2) Max increase: Charts with highest gains in ngrams are shown first
3) Sigma: To compute sigma, we first compute mean and max gain for all periods, and standard deviation. Sigma is (max-mean) divided by standard deviation.
4) Period of max increase: Charts are arranged in order of which periods had the maximum gain in ngrams.
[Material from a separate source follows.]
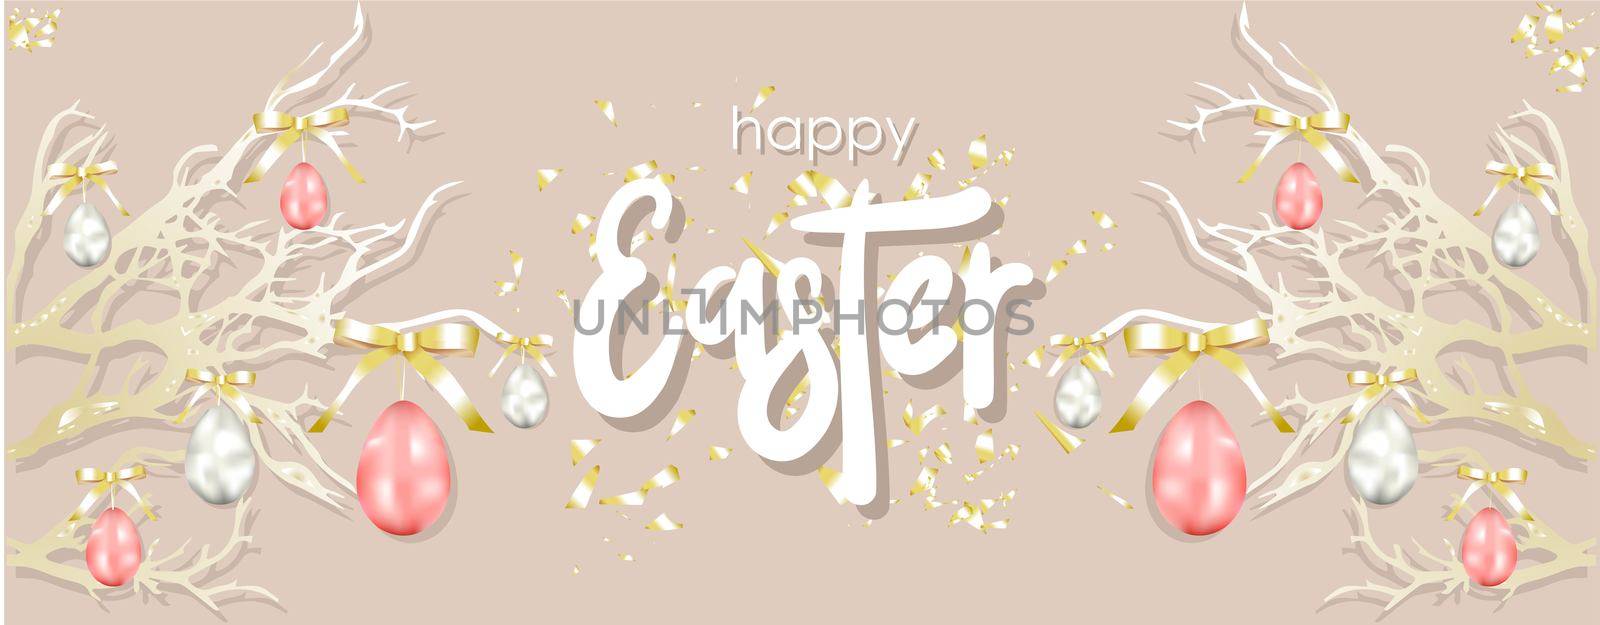 Easter and spring background. Easter lush tree. Abstract silver, pink and blue eggs. Eggs are hanging on a ribbon. Bright spring holiday composition. Greeting card, banner, poster.

5) Period P spikes first (P can be from 1 to 170): Charts with max gain occuring at period P are shown first
6) Show data for: Here you can show charts for periodic 2-grams, 3-grams or 4-grams.
Let me know if there are any problems with the tool.
I find that it is very hard to judge the significance of the results, so I’m running a shuffle experiment and will update with those results soon. An early and interesting result is that merging 
produces two 4-grams repeats at period 19 (because the merge produces one 5-gram repeat at period 19).
The shuffle experiment considers that to be significant since only 4% of shuffles for those merged symbols produced peaks of 1, and 96% of them were 0.
Nice stuff doranchak! Very well built tool.
A few issues for me,
Skipping backwards skips 10 instead of 20.
1) Sum of increases in ngram repeats: This is the sum of ngram gains for all periods. Charts with the highest sums are shown first.
2) Max increase: Charts with highest gains in ngrams are shown first
This seems to produce exactly the same results. Also, select 4-grams and then switching between the two sorting options a couple of times produces strange results.
3) Sigma: To compute sigma, we first compute mean and max gain for all periods, and standard deviation. Sigma is (max-mean) divided by standard deviation.
4) Period of max increase: Charts are arranged in order of which periods had the maximum gain in ngrams.
I don’t understand how these are sorted. Why does 1 of 1953 has a higher sigma then 2 of 1953? Many of the pages after 1 have much higher maximum increases.
Only untransposed/untransformed periods are included. Is it possible to find the maximum increase for a period? Would it be possible to weigh increases in repeats in another way that includes the signifance of the from-to range? For instance merging "+B" shows the highest increase with +16 at period 114. But when looking at the original 340, this period has only 15 repeats. So it goes up from 15 to 31, that may be special in its own way but I wonder if for instance going from 30 to 38 would be more statistically significant in terms of rating the period as interesting considering transposition etc.
I also find the results are difficult to interpret. What ASCII symbols are these that create a 5-gram repeat?